SEARXNG_API_BASE - Your SearXNG instance URL

Optional variables:

ARTEMIS_API_KEY - Require Authorization: Bearer <key> for protected endpoints
ALLOWED_ORIGINS - Comma-separated CORS allowlist for browser clients
SUMMARY_MODEL - Model for summarization (default: arc:apex)
ENABLE_SUMMARY - Enable LLM summarization (default: true)
SUMMARY_MAX_TOKENS - Max completion tokens for summaries
SEARXNG_TIMEOUT_SECONDS - Upstream search timeout in seconds
LLM_TIMEOUT_SECONDS - Upstream LLM timeout in seconds
LOG_LEVEL - Python log level (default: INFO)
LOG_FORMAT - Log output format: text (default) or json
CACHE_ENABLED - Enable in-memory caching (default: true)
SEARCH_CACHE_TTL_SECONDS - TTL for cached search results (default: 3600)
CONTENT_CACHE_TTL_SECONDS - TTL for cached extracted page content (default: 86400)
CACHE_MAX_ENTRIES - Maximum cache entries before oldest are evicted (default: 1000)
EMBEDDING_MODEL - Model for query embeddings; enables semantic dedup when set
SEMANTIC_SIMILARITY_THRESHOLD - Cosine similarity threshold for semantic cache hits (default: 0.92)
PLAYWRIGHT_CONTEXT_RECYCLE_PAGES - Recycle browser context after N pages (default: 50)
PLAYWRIGHT_MAX_HTML_BYTES - Max HTML bytes to extract per page (default: 5MB)

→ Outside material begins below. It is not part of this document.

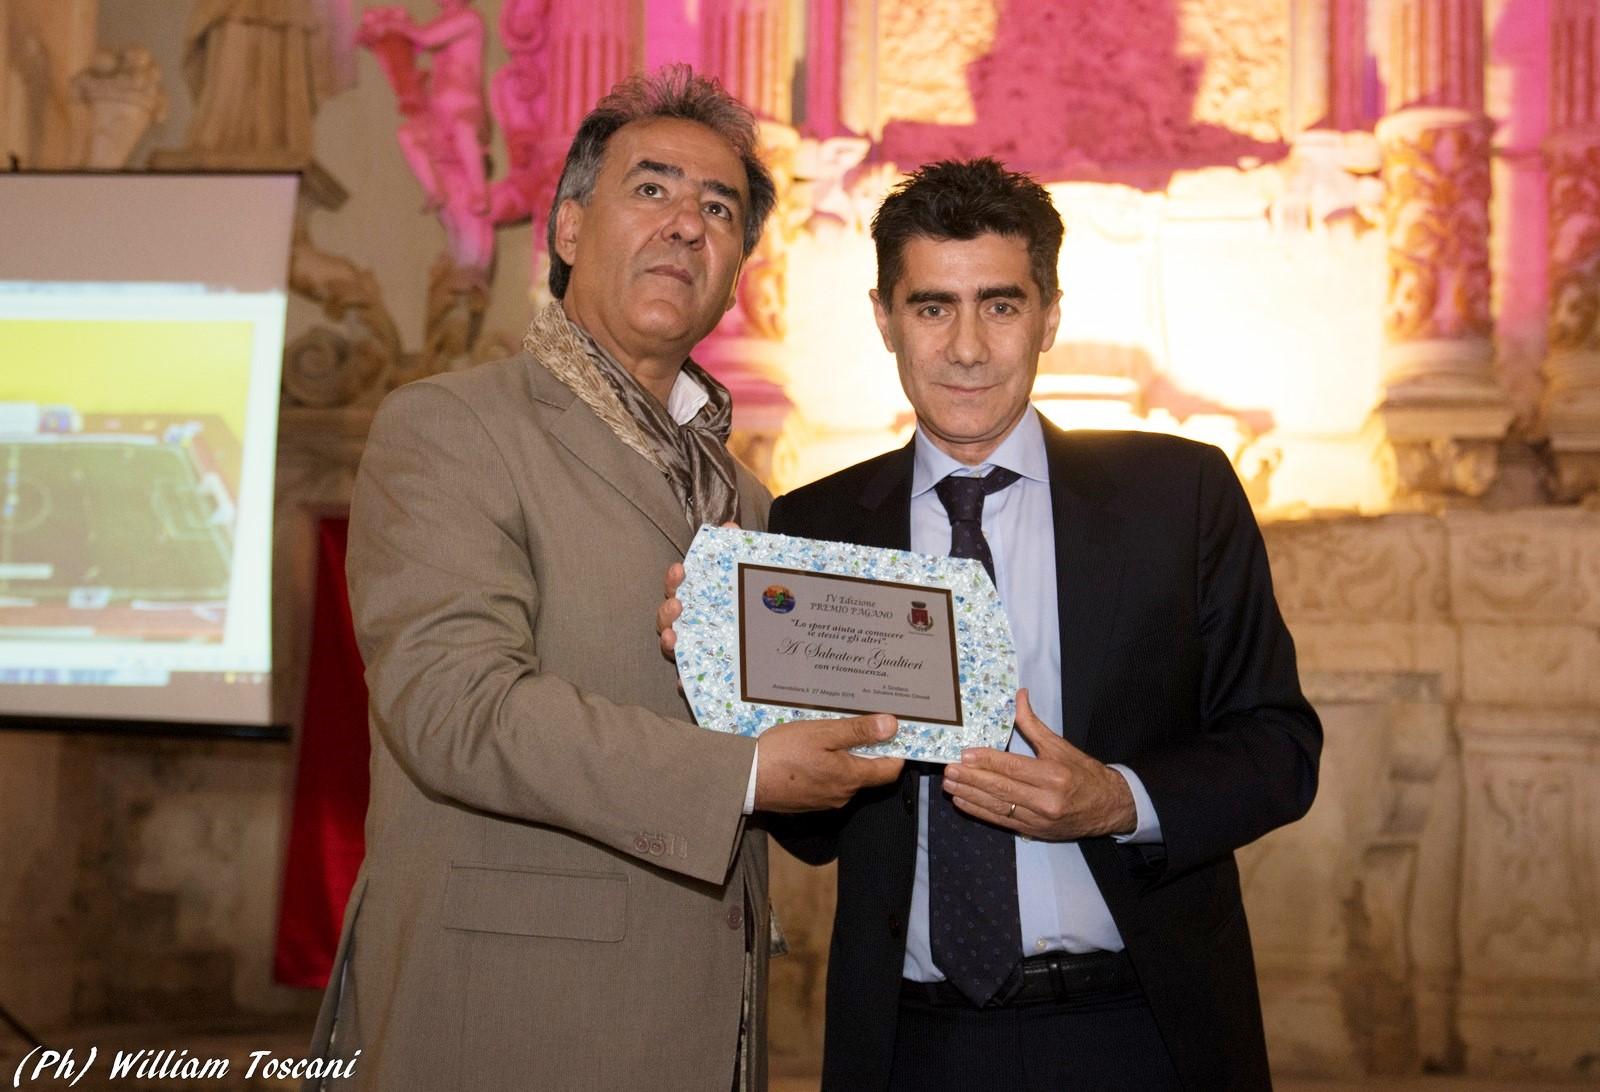 Premio_pagano_016
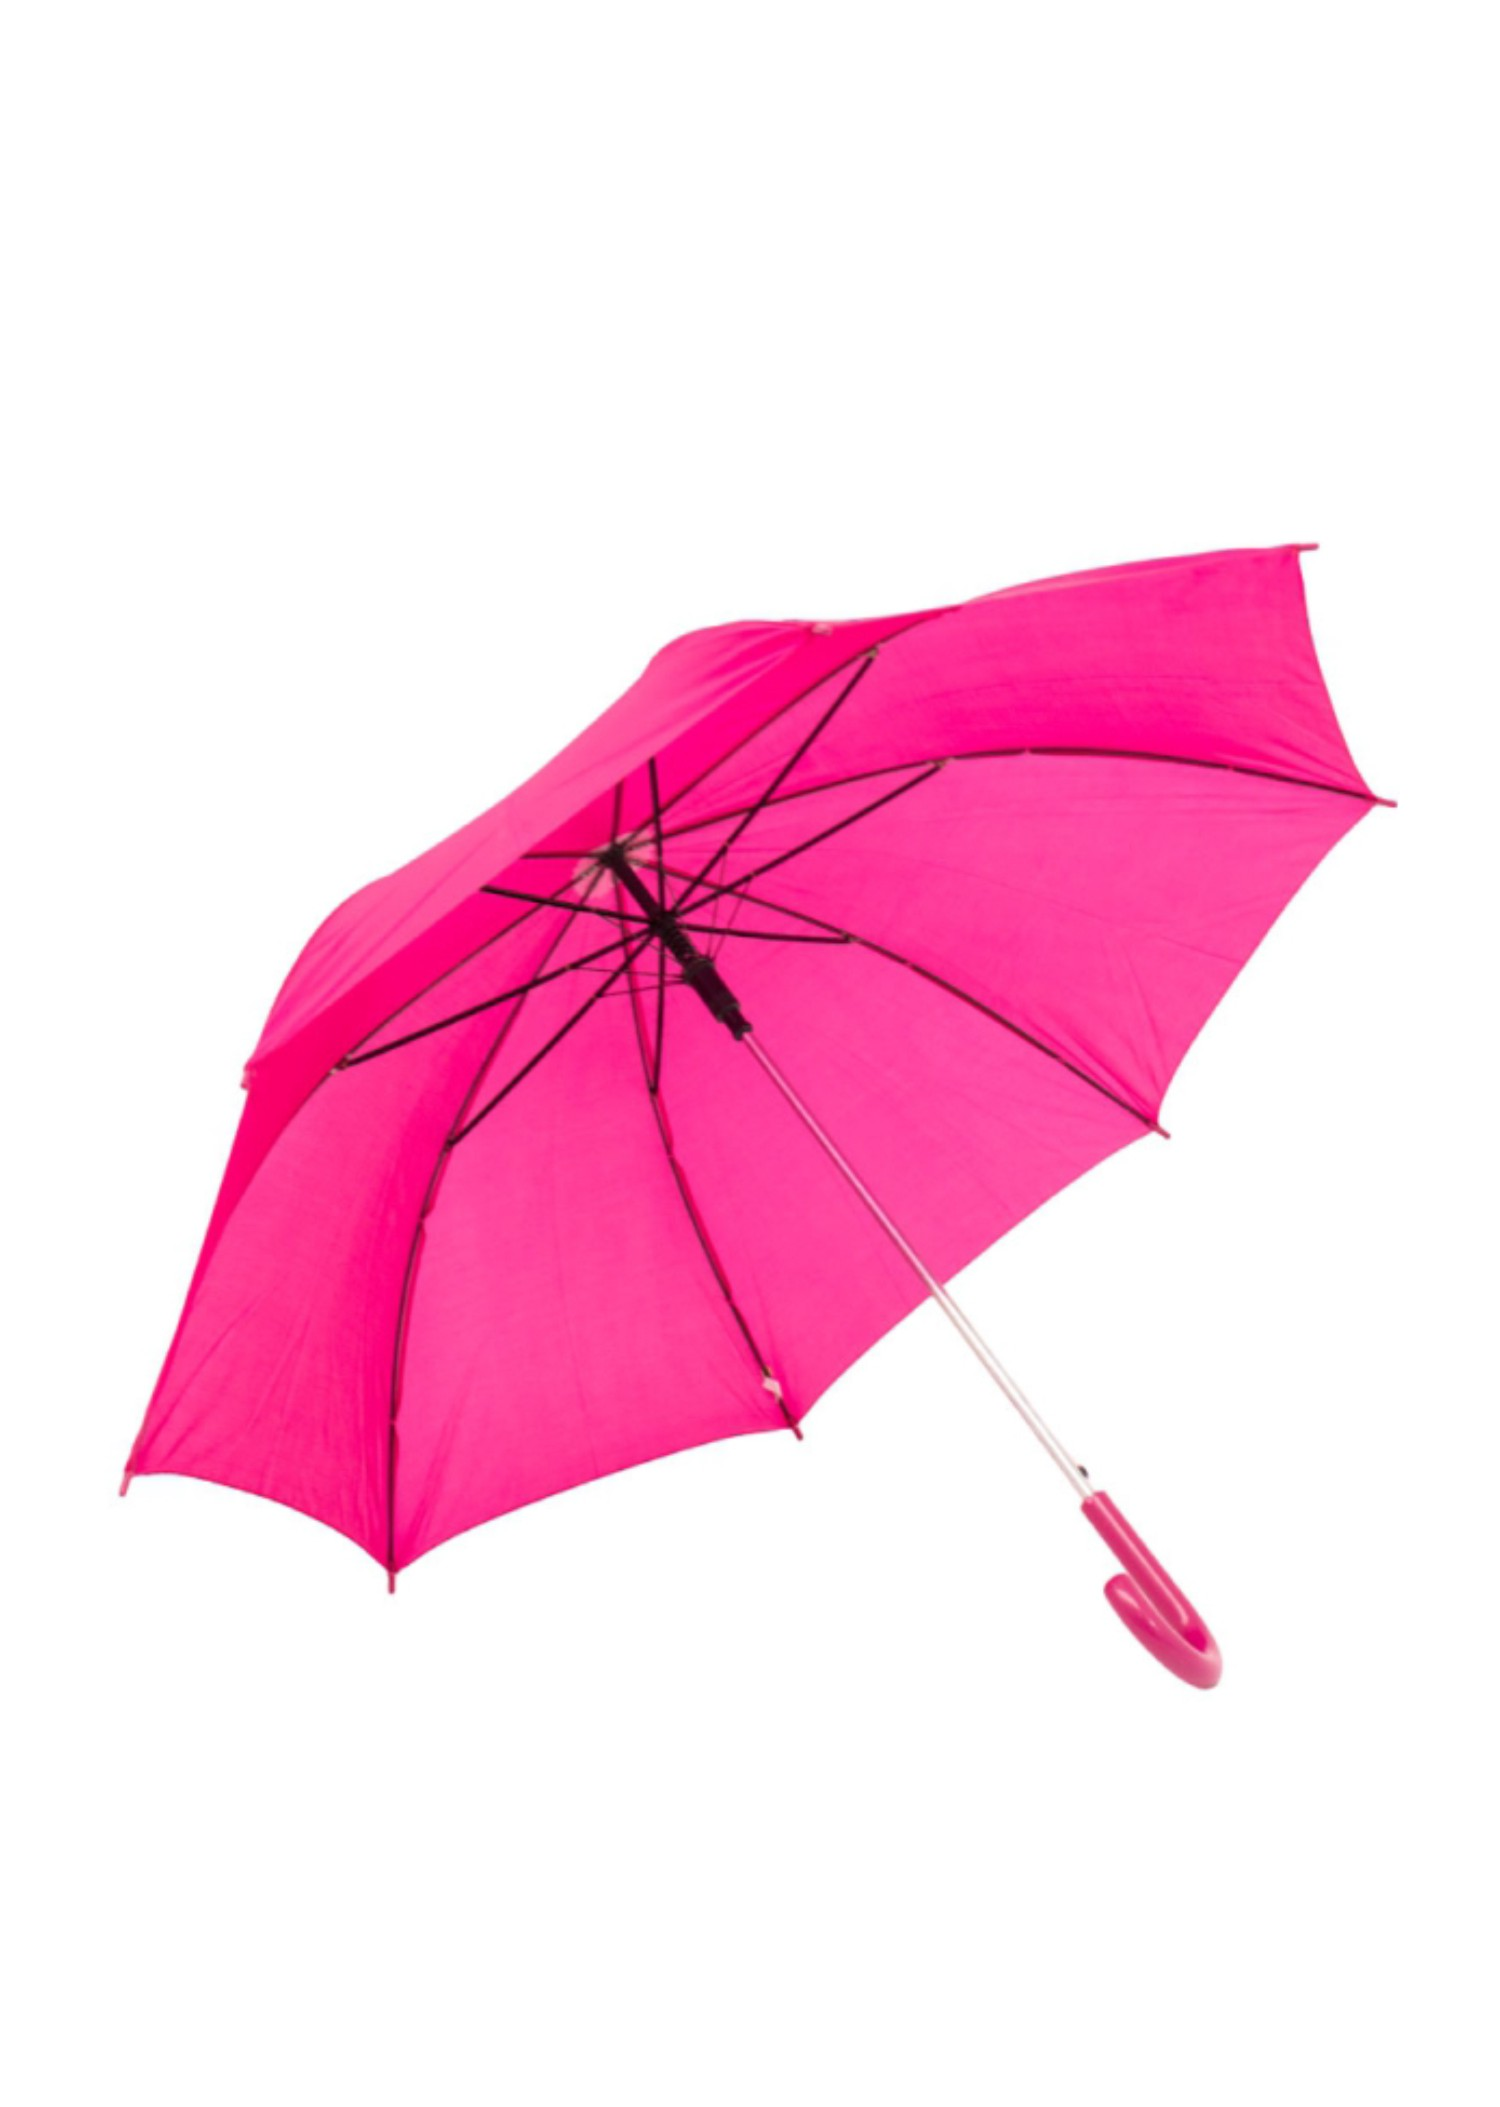 Cómo proteger el pelo de la lluvia

Production recommendation:

Set ARTEMIS_API_KEY
Set a specific ALLOWED_ORIGINS allowlist
Run behind TLS / a reverse proxy
Use a managed secret store instead of committing .env

3. Run the server

python -m artemis.main

Or with uvicorn:

uvicorn artemis.main:app --host 0.0.0.0 --port 8000

API Usage

Search (`POST /search`)

curl -X POST http://localhost:8000/search \
  -H "Content-Type: application/json" \
  -H "Authorization: Bearer <your-api-key>" \
  -d '{
    "query": "latest AI developments 2024",
    "max_results": 5
  }'

Response:

{
  "id": "abc-123",
  "results": [
    {
      "title": "Example Result",
      "url": "https://example.com",
      "snippet": "This is the content snippet...",
      "date": "2024-01-15"
    }
  ],
  "summary": "LLM-generated summary..."
}

Deep Research (`POST /v1/responses`)

# Basic deep research (uses env config for stages/passes)
curl -X POST http://localhost:8000/v1/responses \
  -H "Content-Type: application/json" \
  -H "Authorization: Bearer <your-api-key>" \
  -d '{
    "input": "Research topic: the future of AI in healthcare",
    "preset": "deep-research"
  }'

# With max_steps to override DEEP_RESEARCH_STAGES
curl -X POST http://localhost:8000/v1/responses \
  -H "Content-Type: application/json" \
  -H "Authorization: Bearer <your-api-key>" \
  -d '{
    "input": "Research topic: the future of AI in healthcare",
    "preset": "deep-research",
    "max_steps": 5
  }'

# With custom outline (overrides DEEP_RESEARCH_STAGES)
curl -X POST http://localhost:8000/v1/responses \
  -H "Content-Type: application/json" \
  -H "Authorization: Bearer <your-api-key>" \
  -d '{
    "input": "What is quantum computing?",
    "preset": "deep-research",
    "outline": [
      {"section": "Definition", "description": "What is quantum computing and how does it work?"},
      {"section": "History", "description": "Evolution and key milestones"},
      {"section": "Applications", "description": "Real-world use cases"},
      {"section": "Future", "description": "What's next for quantum computing"}
    ]
  }'

Shallow Research (`POST /v1/responses`)

# Faster research pass with shallower env-configured defaults
curl -X POST http://localhost:8000/v1/responses \
  -H "Content-Type: application/json" \
  -H "Authorization: Bearer <your-api-key>" \
  -d '{
    "input": "Research topic: the future of AI in healthcare",
    "preset": "shallow-research"
  }'

Streaming (`POST /v1/responses` with `streaming: true`)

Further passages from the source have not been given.